= John Just =

English archaeologist and botanist

John Just (1797 – 14 October 1852) was an English archaeologist and botanist.

==Life==
Just, eldest son of Jonathan Just, farmer, was born in the village of Natland, two miles from Kendal in Westmorland, on 3 Dec. 1797. After attending the village school he was employed on a farm, but, being of studious tastes, was sent, at the age of fourteen, to Kendal grammar school. Carus Wilson of Casterton Hall noticed his ability, and in 1812 took him into his house, sending him to Kirkby Lonsdale grammar school for five years. While at Casterton Hall he engraved ciphers upon the family plate, made barometers, and commenced his investigations on Roman roads. About 1817 he became for a short time classical assistant to the Rev. John Dobson at Kirkby Lonsdale school, and pursued his favourite study of botany in the neighbourhood. From 1832 till his death he was second master of Bury Grammar School, devoting much of his leisure to private teaching, and acting as actuary of the Bury Savings Bank.

Just was elected lecturer on botany at the Pine Street (afterwards the Royal Manchester) School of Medicine and Surgery in September 1833, and lectured annually from 1834 to 1852. On 22 Jan. 1839 he was chosen a corresponding member of the Manchester Literary and Philosophical Society. In October 1848 he was appointed honorary professor of botany at the Royal Manchester Institution, and delivered three courses of lectures there, 1849–51. He closely studied chemistry and its application to the analysis of soils and manures. Three of his agricultural essays are printed in the ‘Transactions’ of the Literary and Philosophical Society of Manchester, namely, ‘On the Philosophy of Farming’ (1845, vii. 574), ‘On the Maturation of Grain and Farming Produce’ (ib. viii. 297), and ‘On Faults in Farming’ (ib. ix. 93). On 27 Sept. 1850 he delivered before the Bury Agricultural Society ‘A Lecture on the Value and Properties of Lime for Agricultural Purposes,’ which was printed as a pamphlet.

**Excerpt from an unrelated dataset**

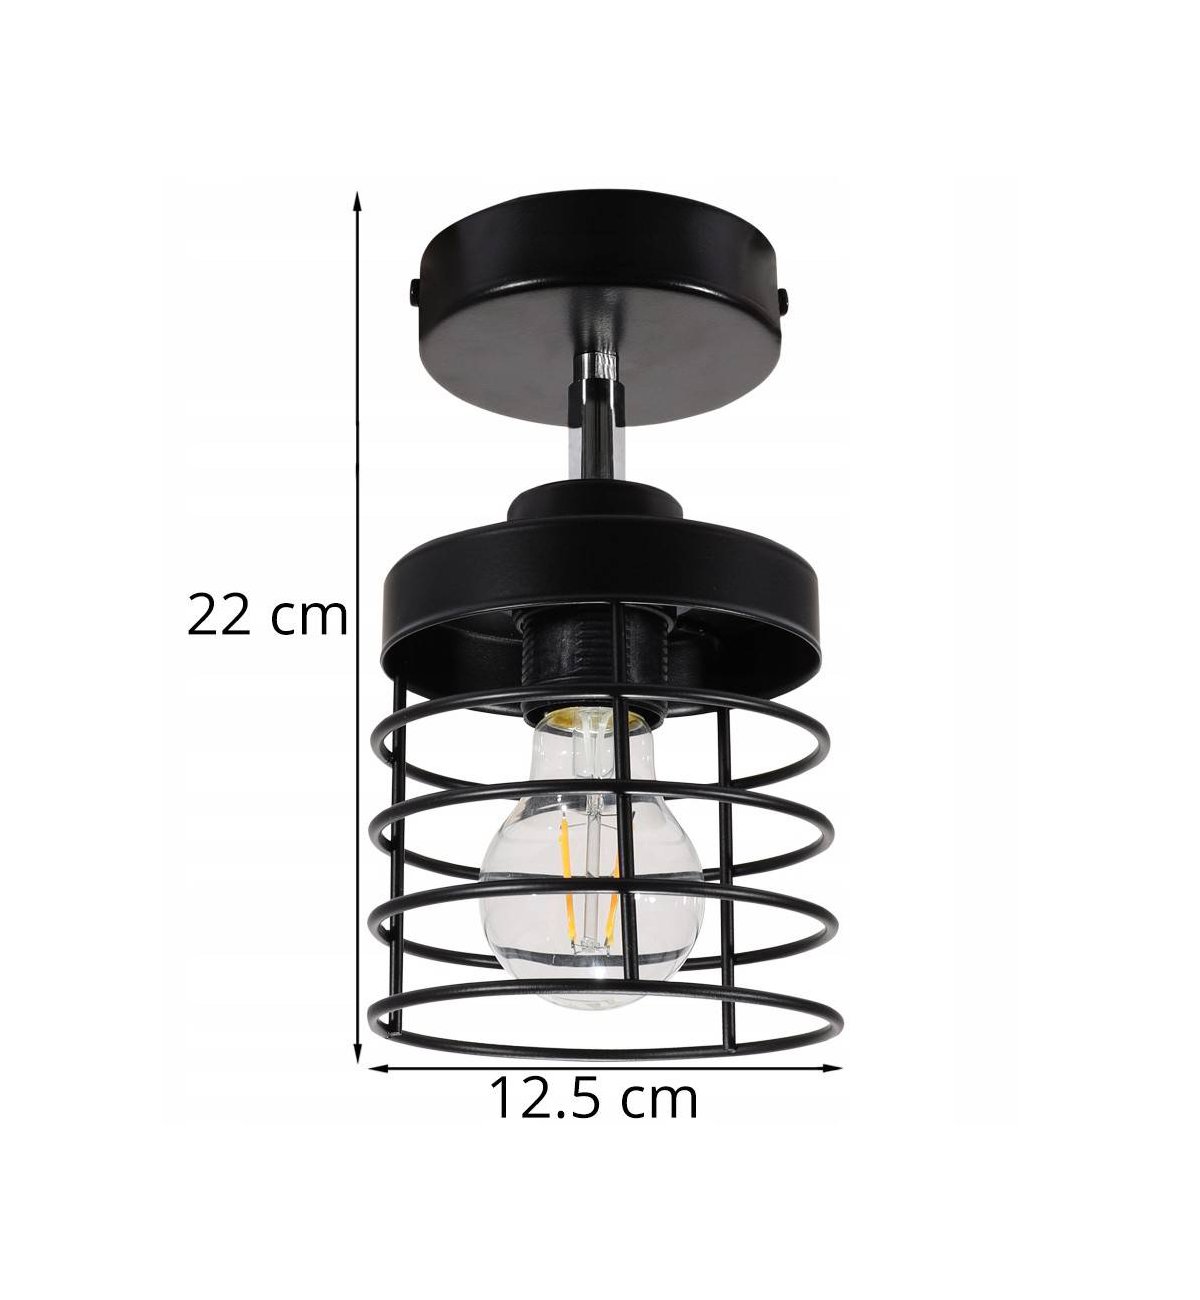 Lampa Sufitowa Plafon Metalowy Loft Led Plafony Domowe Wewnetrzne Polski Producent Sklep Light Home

He acquired a good knowledge of ancient and modern languages, and specially studied Anglo-Saxon. For the ‘Transactions’ of the Manchester society he wrote on ‘Certain Anglo-Saxon Roots nearly obsolete in the English Language’ (1843, vii. 391), on ‘Anglo-Saxon Patronymics’ (ib. vii. 440), and on the ‘Self-acquirement of Languages’ (ib. 16 April 1850), not printed. His latest essay, contributed to a local society called ‘The Rosicrucians,’ on 6 Sept. 1852, was on ‘The Derivation of Local Names.’ He left unpublished four quarto manuscript volumes, an unfinished dictionary or lexicon of English words and their derivations, with similar words of similar meanings in cognate and kindred languages; and compiled ‘A Glossary of the Westmoreland Dialect as spoken in the neighbourhood of Kendal.’ He succeeded in deciphering the Runic inscriptions in the Isle of Man (printed in Joseph Tain's ‘History of the Isle of Man’). His knowledge of the Roman roads which traverse Lancashire—the subject of many of his papers for learned societies—led to his temporary connection with the officers of the ordnance during their survey of the county. On the congress of the British Archæological Association being held at Manchester and Lancaster in August 1850, Just superintended excavations at Ribchester which resulted in the discovery of interesting Roman remains, which are described in the ‘Journal’ of the association (vi. 229–51).

He died at Bury on 14 October 1852, aged 55, and was buried in St. Paul's churchyard on 20 October.